In the interim, it is not anticipated that there will be any immediate ormaterial impact on the business of Adcorp and, in the longer term, we remain confident that regulation of the industry will be to the ultimate benefit of the reputable and legitimate players in this industry, commented Pike.
Regarding future prospects, Pike said: Whilst, on the face of it, the labour market in which we primarily operate appears to be relatively stagnant due to an inability of the economy to create jobs on any meaningful scale, coupled with the regulatory challenges faced by the TES industry, these factors both contribute to providing the Adcorp Group with major opportunities.
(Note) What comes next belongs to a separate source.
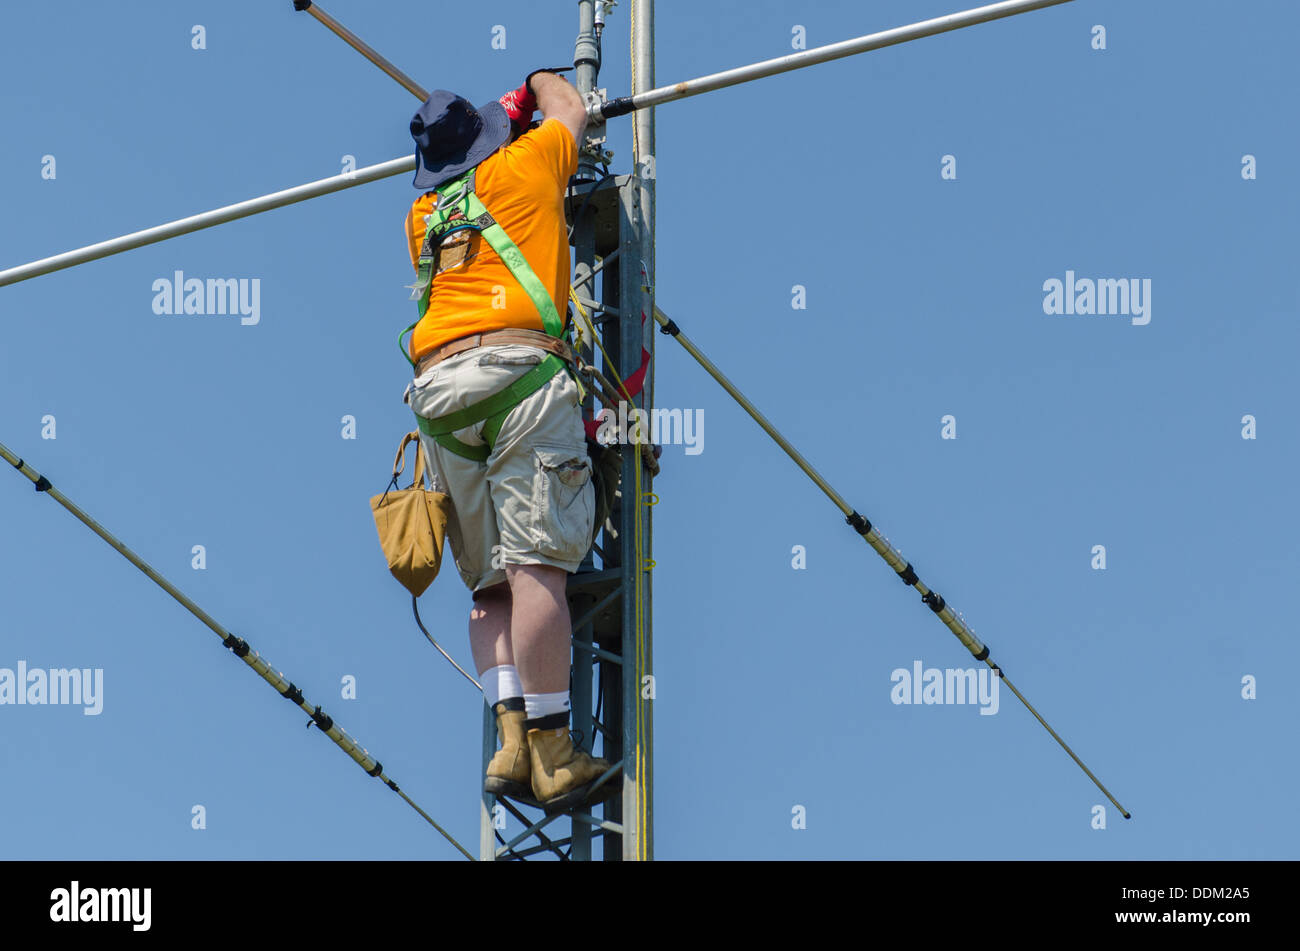 Man installing a amateur radio antenna at the top of radio tower. Stock Photo

There are undoubtedly certain good pockets of opportunity which the Group is able to take advantage of with regard to the placement of scarce skills, the training of such skills, the opportunity to present alternative, innovative value propositions to clients and the opportunities provided by the labour broking debate to engage clients at a strategic level.
The greater the level of legislative complexity and regulation, the more it favours a Group such as Adcorp which has the sophistication, reputation, know-how and financial capability to deal with such complexity.
These opportunities coupled with the adoption of technology as an enabler in the staffing space whereby, the Adcorp Group leads the way in this regard, all contribute to a high level of optimism with regard to the future prospects of the Group, said Pike.
Strategically, the Group is focused on managing its costs, driving economies of scale, delivering value for its clients, seeking out strategic acquisitions and increasing the level of sophistication and technological advancement it applies in its day to day operations. In addition, the Group has a strong and robust balance sheet.
As such, the Group is particularly well positioned for the future, concluded Pike.